» **Work instruction**:
The answer should hold nothing but the lines from the one with "Visit the link" through the end of the listing below, each exactly as written.

Data below below:

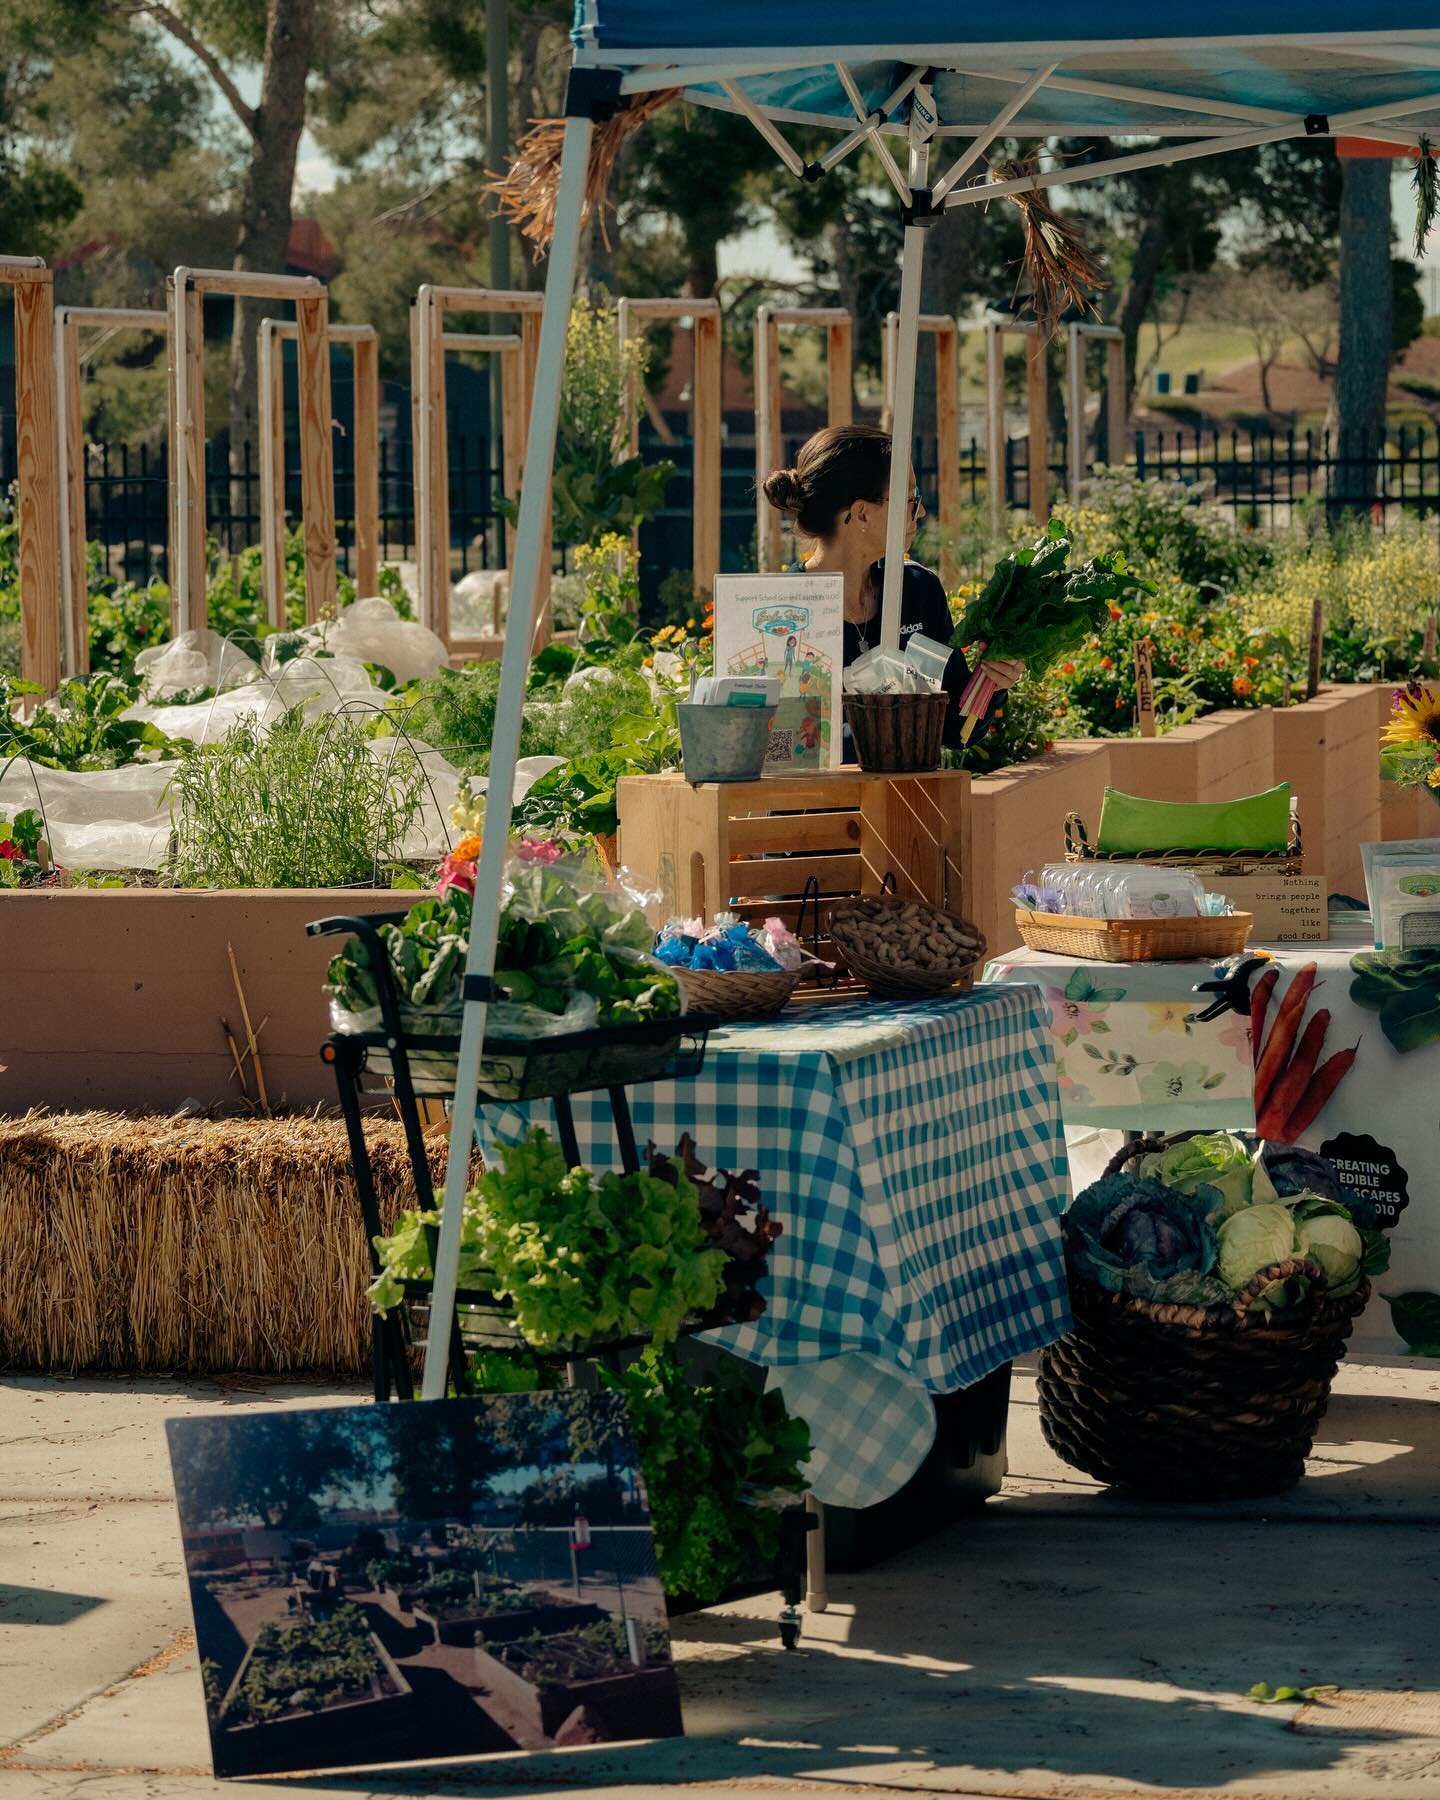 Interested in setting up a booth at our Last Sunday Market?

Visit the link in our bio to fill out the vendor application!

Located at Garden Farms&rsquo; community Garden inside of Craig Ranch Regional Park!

End of Data below.

» **Solution**:
Visit the link in our bio to fill out the vendor application!

Located at Garden Farms&rsquo; community Garden inside of Craig Ranch Regional Park!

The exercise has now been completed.